Julius Caesar", den der Schüler bekommt, der das umfassendste
Wissen über die römische Kultur beweist. Aus Gründen,
die hier nicht verraten werden sollen, wird dieser Wettkampf von Sedgewicks
Klasse 25 Jahre später unter der Leitung des inzwischen pensionierten
Mr. Hundert nochmals wiederholt, und um das Wie und Warum dieser Wiederholung
drehen sich alle entscheidenden Punkte von "The Emperor's Club".
Es wäre unfair, diese jetzt darzulegen, weil dann unweigerlich
alle zentralen Plotwendungen des Films offen gelegt werden müssten,
nur soviel: Durch wenige, komplexe Momente der Entscheidung gelingt
es "The Emperor's Club", alle wichtigen Dilemmata des Lehrerseins
aufzugreifen und nachdrücklich zu reflektieren. Was einen guten
Lehrer wirklich ausmacht, das ist hier die Kernfrage, und es zählt
zu den großen Leistungen des Films, keine allzu einfache Antwort
parat zu haben. Bedeutet das Scheitern in einem Einzelfall bereits
ein Scheitern insgesamt? Ist Hunderts Kampf für alte Werte nicht
ohnehin ein sinnloser, weil in der heutigen Welt einfach nicht mehr
zeitgemäß? Der mitdenkende Zuschauer wird hier viel dankbares
Diskussionsmaterial finden.
"The
Emperor's Club" bietet Drama auf hochmoralischer Ebene, voller
klassischer Konflikte und Motive, und ist in dieser Hinsicht fundamentaler
und tiefsinniger als das meiste, was man dieser Tage so im Kino zu
sehen bekommt. Gleichzeitig ist es aber auch gerade diese Verpflichtung
an traditionelle Werte, wie sie Hundert zu vermitteln versucht, die
es dem Film schwer machen wird, ein größeres Publikum zu
finden. Woran das liegt, weiß "The Emperor's Club"

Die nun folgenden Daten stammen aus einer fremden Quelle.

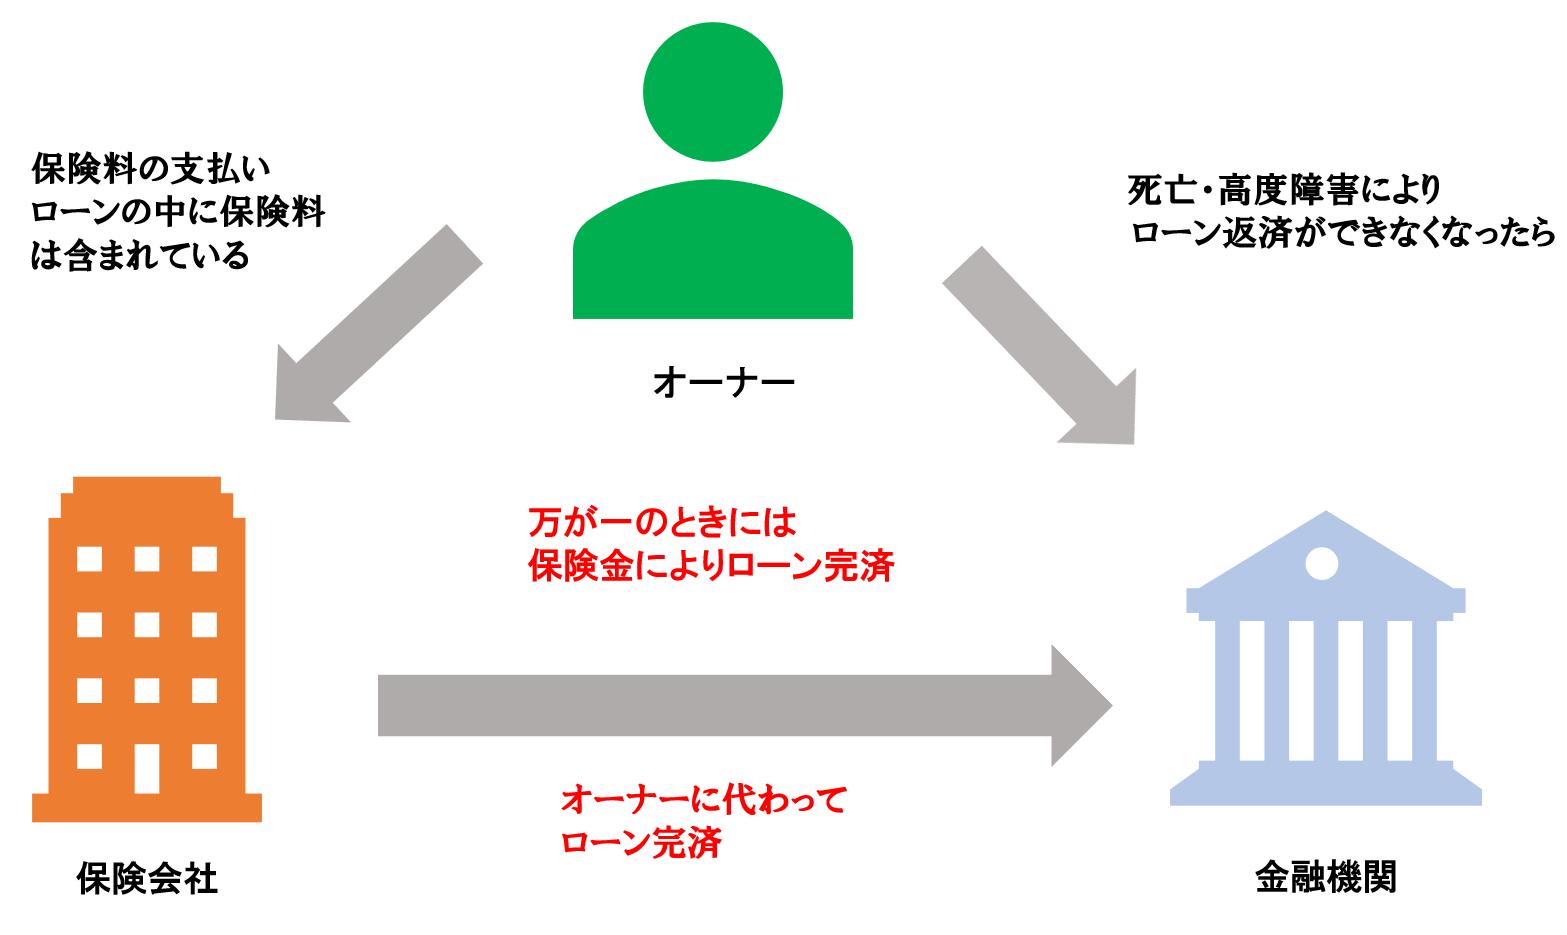 団体信用生命保険・仕組み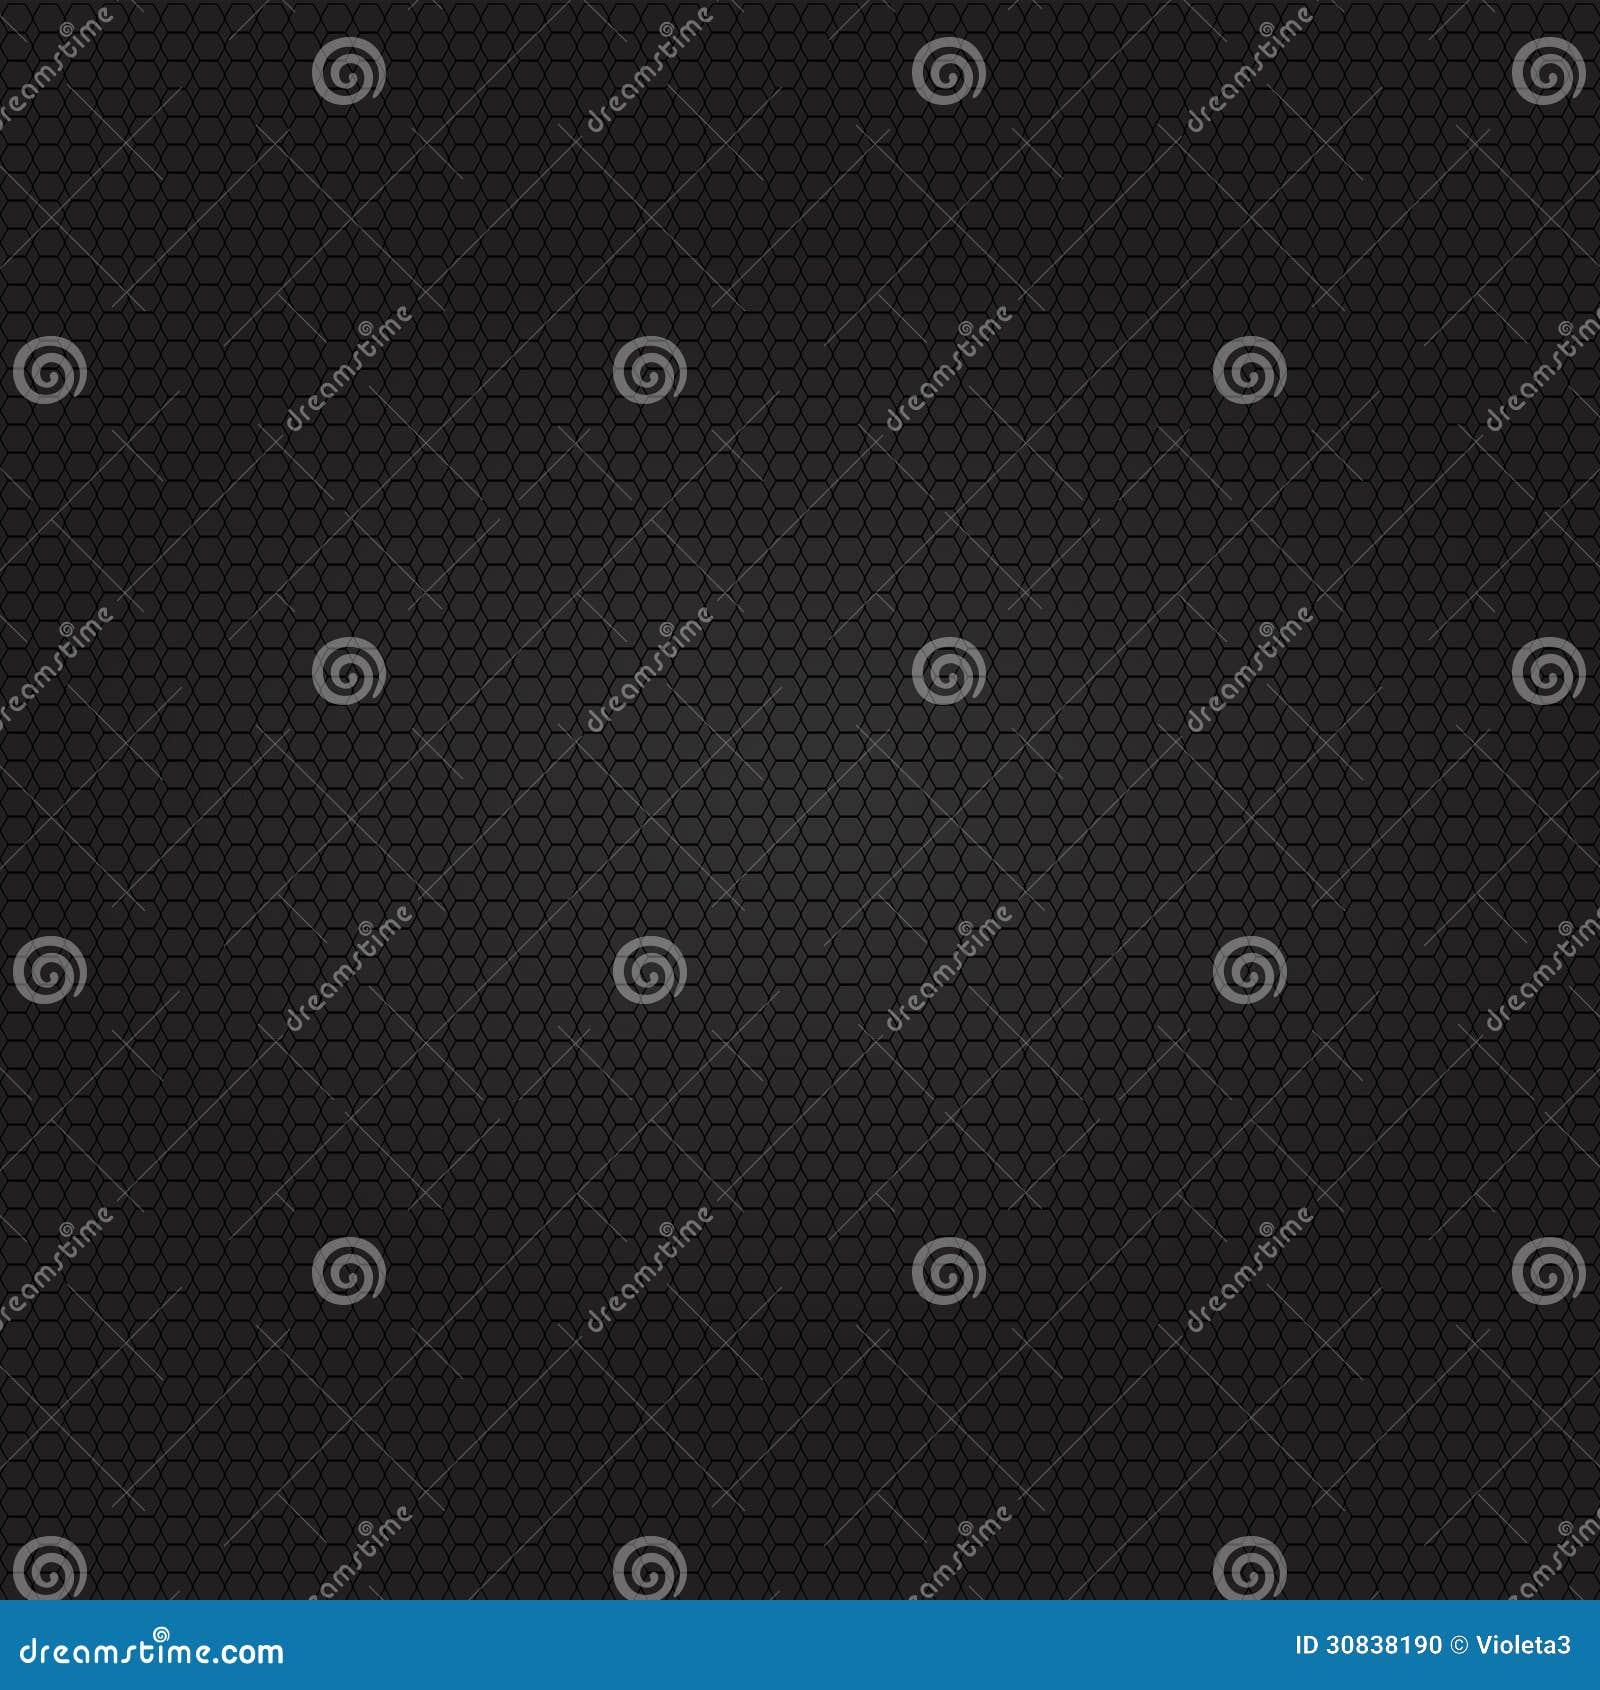 Download Metal texture background stock vector. Illustration of circular - 30838190

indes auch: Hunderts Ethik wirkt in der heutigen Zeit wie ein Anachronismus
in einer Welt, die vom Egoismus und Machtstreben rückgratloser
Schaumschläger regiert wird, während die wahrlich großen
Männer im Hintergrund eine kleine Existenz fristen, und genau
dies muss der Lehrer selber erkennen. Doch die Botschaft ist klar:
Es ist nicht der Lehrer, der hier falsch tickt, sondern die Welt,
in der er lebt.
Trotz der bewundernswerten Komplexität seiner Hauptgeschichte
und eines wieder einmal schlichtweg fabelhaften Kevin Kline als Protagonist
muss sich "The Emperor's Club" dennoch ein paar Kritikpunkte
gefallen lassen, die zumeist an den Nebenplots hängen: die Rolle
von Hunderts love interest Elizabeth z.B. hätte man sich in dieser
Form komplett sparen können, da sie ohne größere Bedeutung
bleibt und lediglich ein unglückliches Abrutschen ins Konventionelle
darstellt. Und die enorme Wartezeit bis zu Hunderts erster bedeutungsvoller
Gewissensentscheidung stellt das Publikum auf eine bisweilen arge
Geduldsprobe, bis der Film dann endlich richtig ins Rollen kommt.
Nichtsdestotrotz: "The Emperor's Club" ist in seiner nachdenklichen Ruhe eine willkommene Abwechslung im schnellen und lauten Kinoalltag, und sichert seiner Hauptfigur den angestrebten Platz im Olymp der mythischen Leinwand-Pädagogen, bei denen man sich gedankenverloren sagt: Ja, so einen Lehrer hätte ich auch gerne gehabt.